» EXERCISE
Take the listing below and write it out again exactly, skipping any picture that it holds.
====== DATA RECORDS
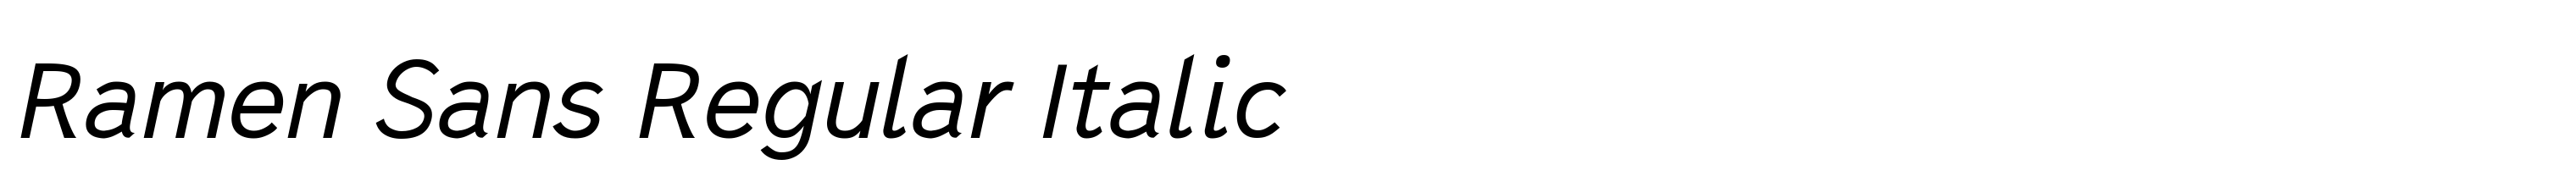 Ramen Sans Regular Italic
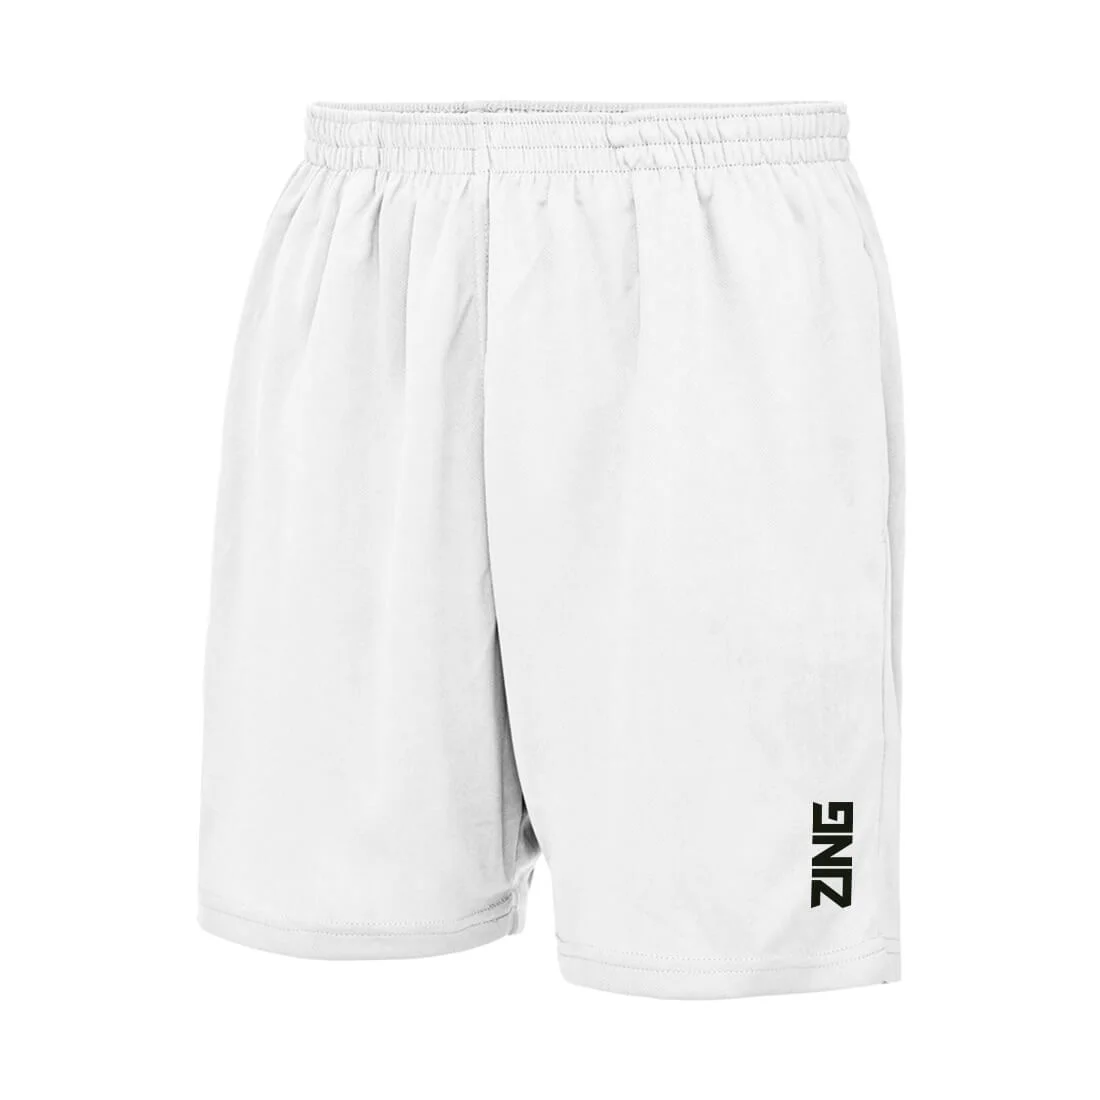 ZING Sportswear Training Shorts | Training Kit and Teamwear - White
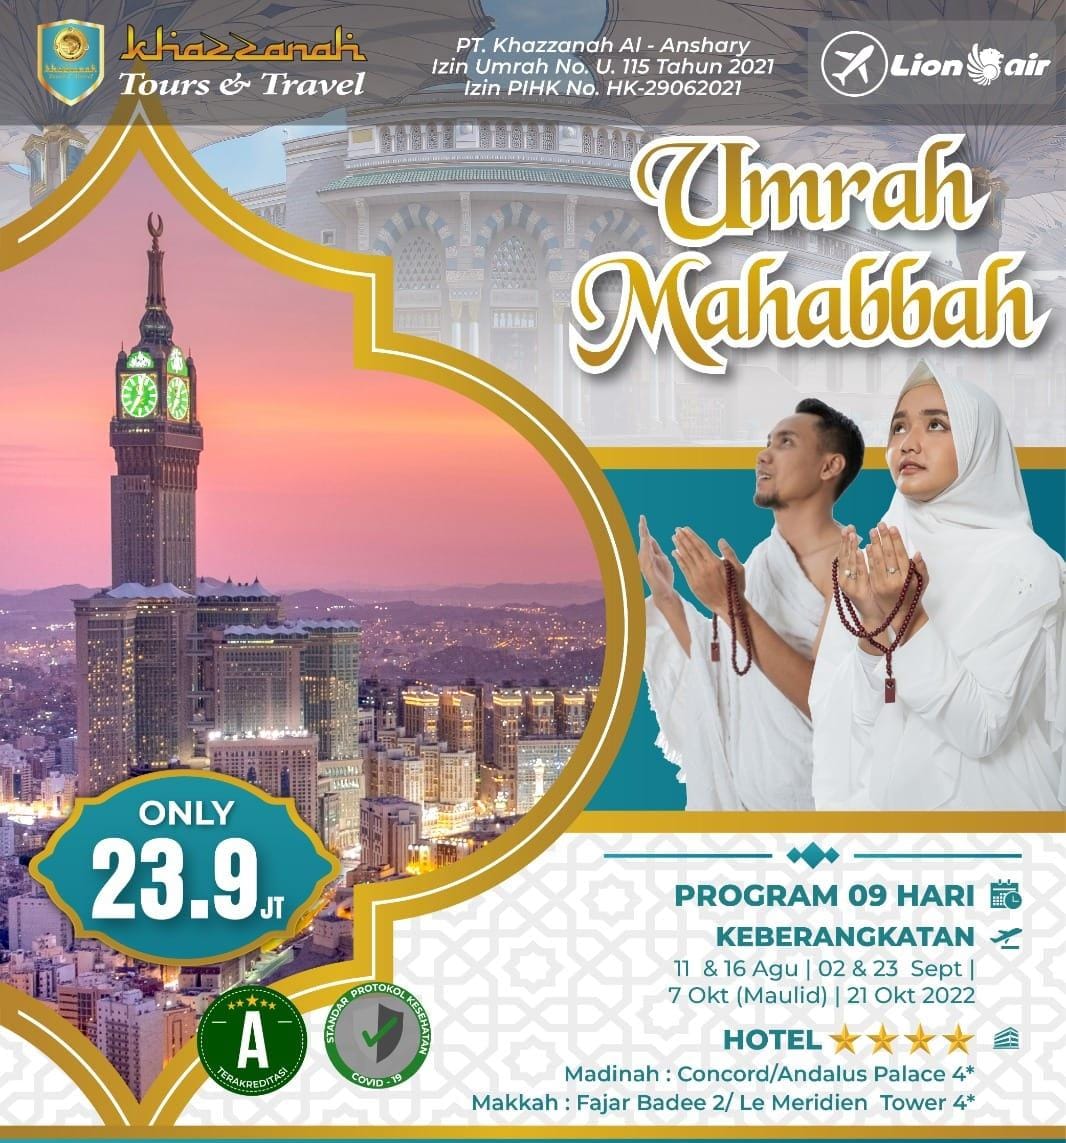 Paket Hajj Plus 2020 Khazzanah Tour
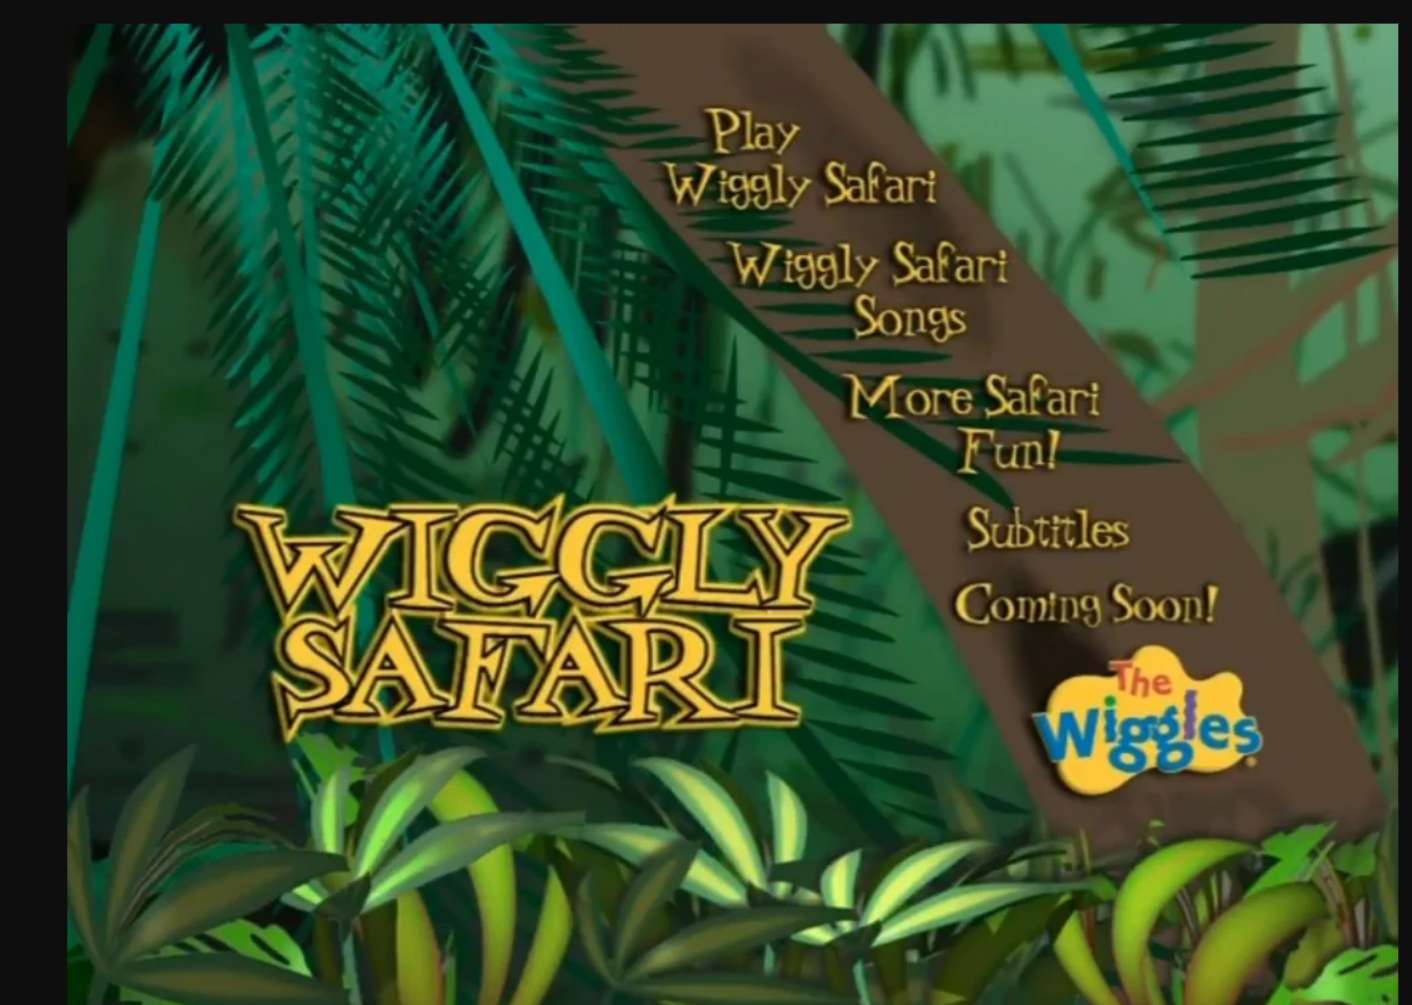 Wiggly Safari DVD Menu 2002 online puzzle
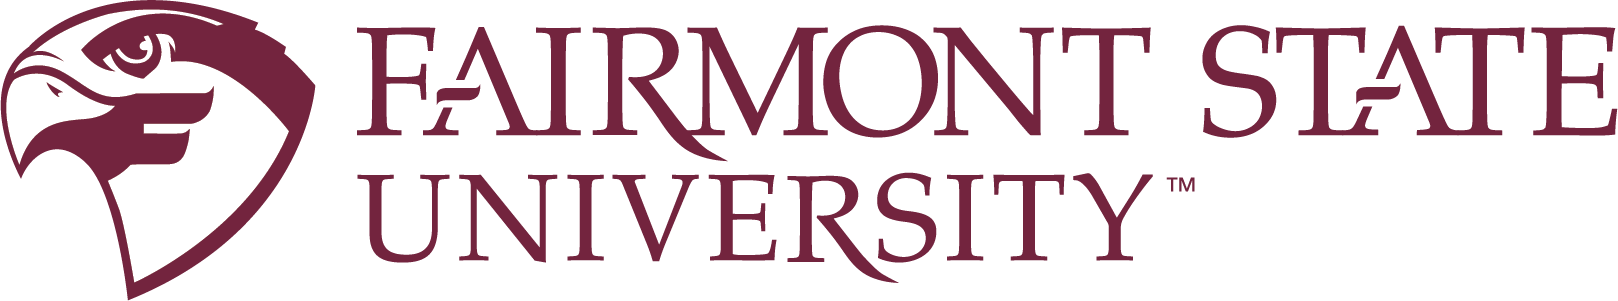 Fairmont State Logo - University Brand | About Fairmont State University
============
» REPLY
 Ramen Sans Regular Italic
 ZING Sportswear Training Shorts | Training Kit and Teamwear - White
 Paket Hajj Plus 2020 Khazzanah Tour
 Wiggly Safari DVD Menu 2002 online puzzle
 Fairmont State Logo - University Brand | About Fairmont State University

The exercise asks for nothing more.